As we begin a new school year, we talked with a few of the many Penn Libraries staff leading this charge.

Emily Morton-Owens
Acting Associate University Librarian for Information Technology
Past President, Library and Information Technology Association (2019-20) 

What are some of the most significant changes in library technology in recent years?
Library systems in the past were built to endure and were filled with large volumes of metadata or digital assets—they were big ships and hard to turn. But keeping up with researcher interests and expectations about interfaces means that we have to be agile. One way we do that is by collaborating with other libraries. Some of our primary systems are open-source software developed jointly with other libraries with similar needs. Recently we've been leaders in a data-sharing project called the Platform for Open Data (POD), in which we pool bibliographic data with other Ivy Plus Libraries, with an eventual goal of indexing their millions of collections items alongside our own.

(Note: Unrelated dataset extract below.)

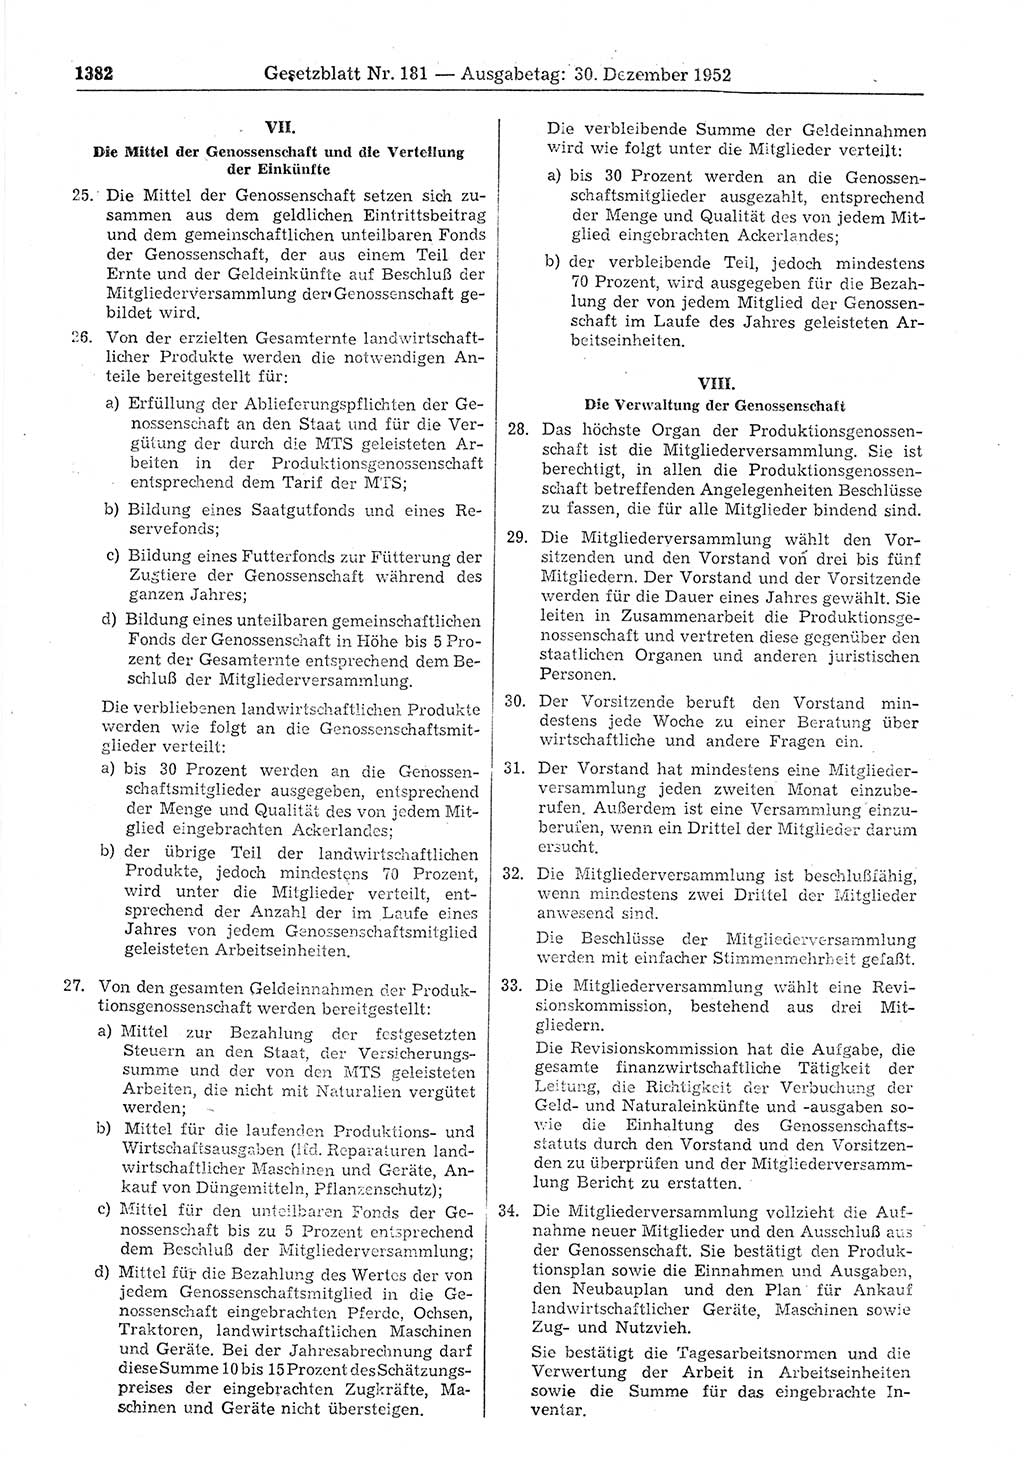 Gesetzblatt (GBl.) der Deutschen Demokratischen Republik (DDR) 1952, Seite 1382 (GBl. DDR 1952, S. 1382)
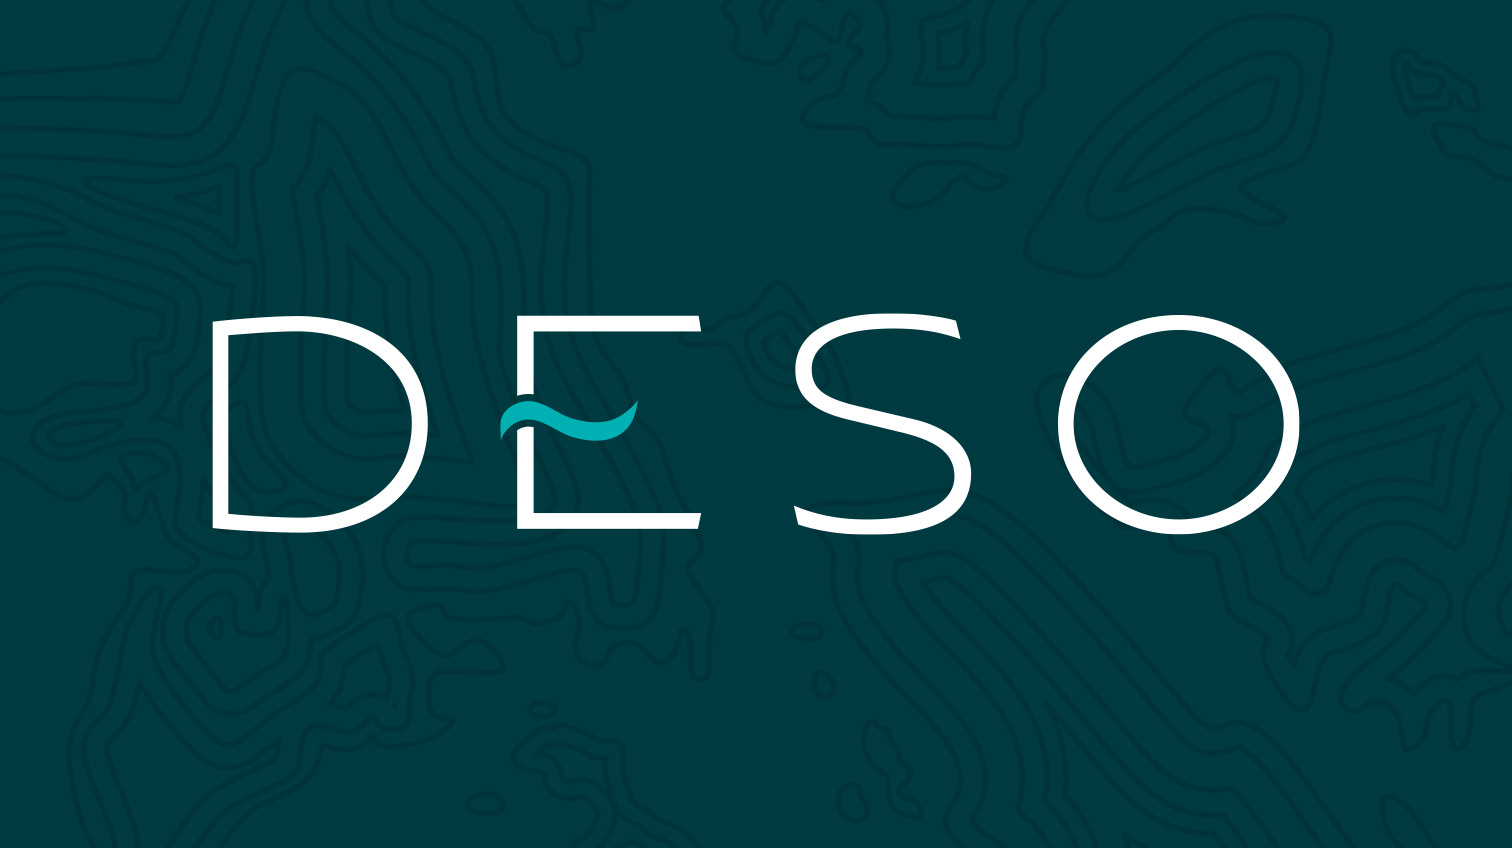 Deso logo against a dark blue background - White Canvas Design

Stay tuned!
 
What has been different about your team's work in the pandemic?
Whenever you make a piece of software, you're making assumptions, consciously and unconsciously. The pandemic came along and broke a lot of assumptions about how libraries worked. Our stacks had to close, library visitors had to reserve seats, and requesting materials required new rules. We had some intense Zoom sessions to make our online services work, and make them work in a way that we could undo later when things return to normal. But we're not just undoing those changes--for example, all that analysis fed into a complete re-imagining of our catalog request workflow, which you're seeing with the new “Get It” button in Fall 2021. 
 
What challenges will affect your work most in the near future?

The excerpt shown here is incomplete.